As for "what are they really capable of", I can't give a clear answer. They do make easy stuff easier, especially outside of your comfort zone, and seem to make hard stuff come up more often and earlier (I think because you do stuff outside your comfort zone/core experience zone ; or because you know have to think more carefully about design over a shorter period of time than before with less direct experience with the code, kind of like in Steve Yegge's case ; or because when hard stuff comes up it's stuff they are less good at handling so that means you can't use them).
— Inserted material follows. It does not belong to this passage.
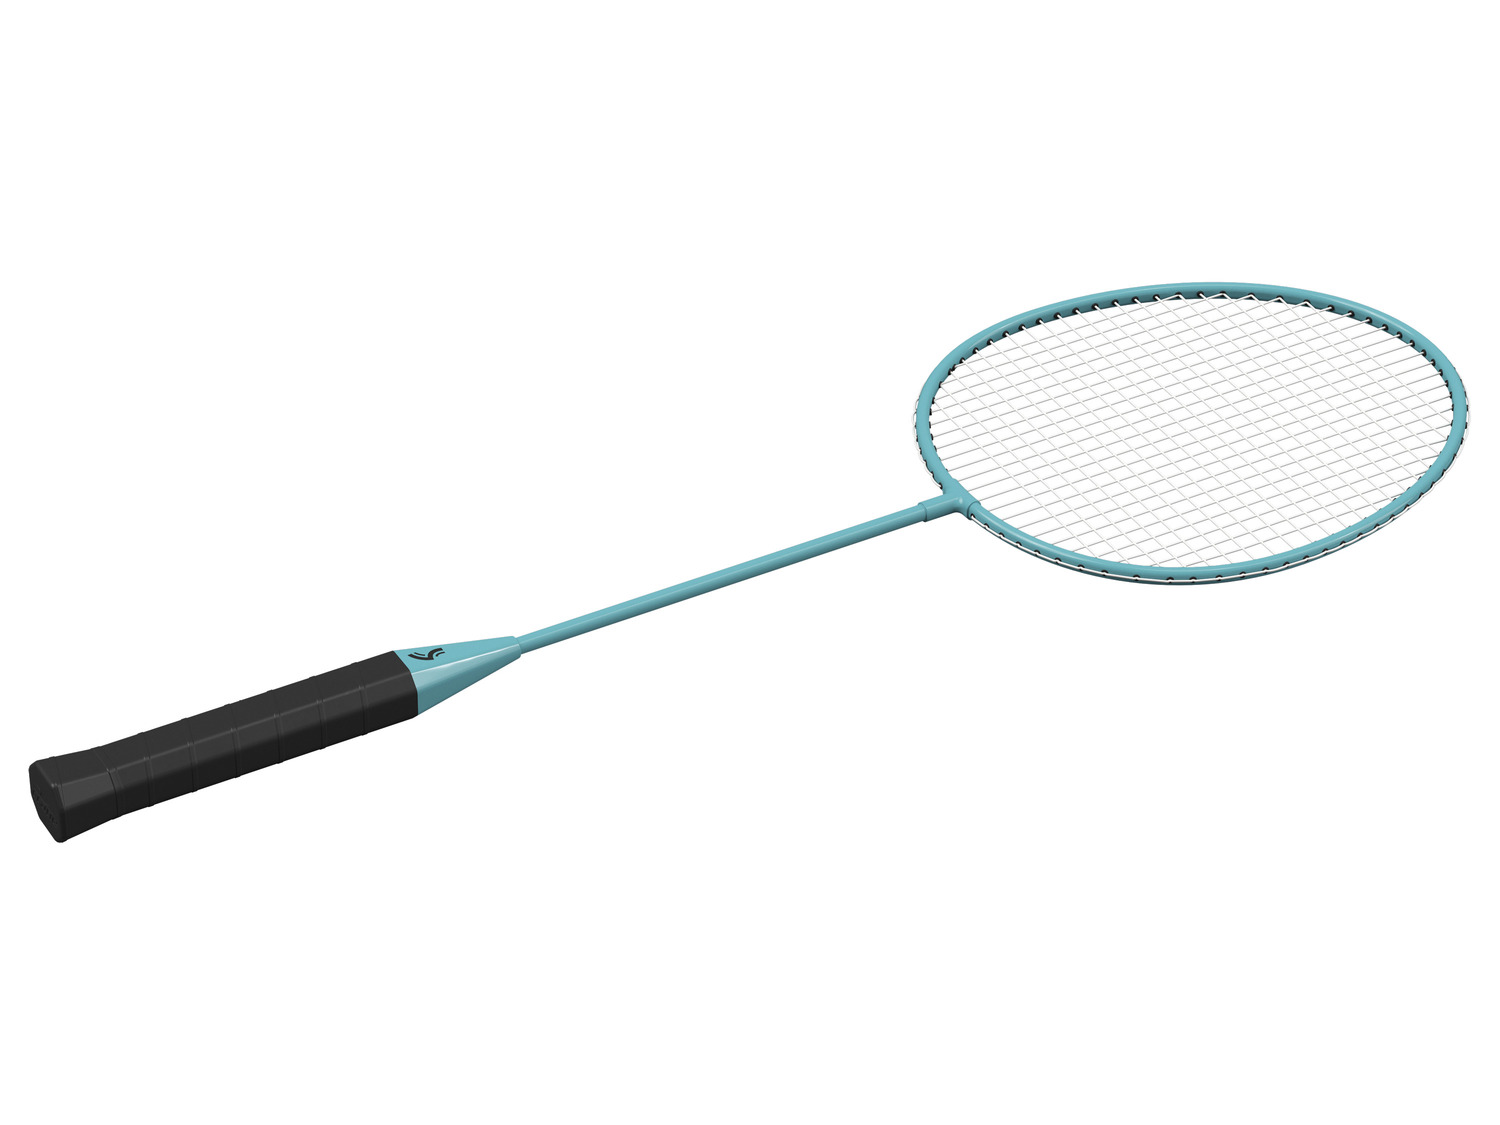 CRIVIT Set de badminton Acheter en ligne | LIDL

The lower bound seems to be "small CLI tool", the higher bound seems to be "language learning app with paid users (sottaku I think? the dev talks on twitter. Lots of domain knowledge in japanese here to check the app itself) ; implementing a model on pytorch by someone that didn't know how to code before (00000005 seconds or something like this on twitter, has used all these models and tools a lot); reporting security issues that were missed in cURL", middle bound "very experienced dev shipping a feature faster and while doing other things on a semi mature codebase (Ghostty)", middle bound too is "useful code reviews". That's about the best I can give you I think.

sussmannbaka · 2025-10-15T08:16:10 1760516170

I'm not sure if you just didn't understand what I'm looking for. If I'm searching for a good rails screencast to get a feeling for how it's used, a blogpost consisting of "rails new" is useless to me. I know that these tools can oneshot tasks, but this doesn't help me when they can't.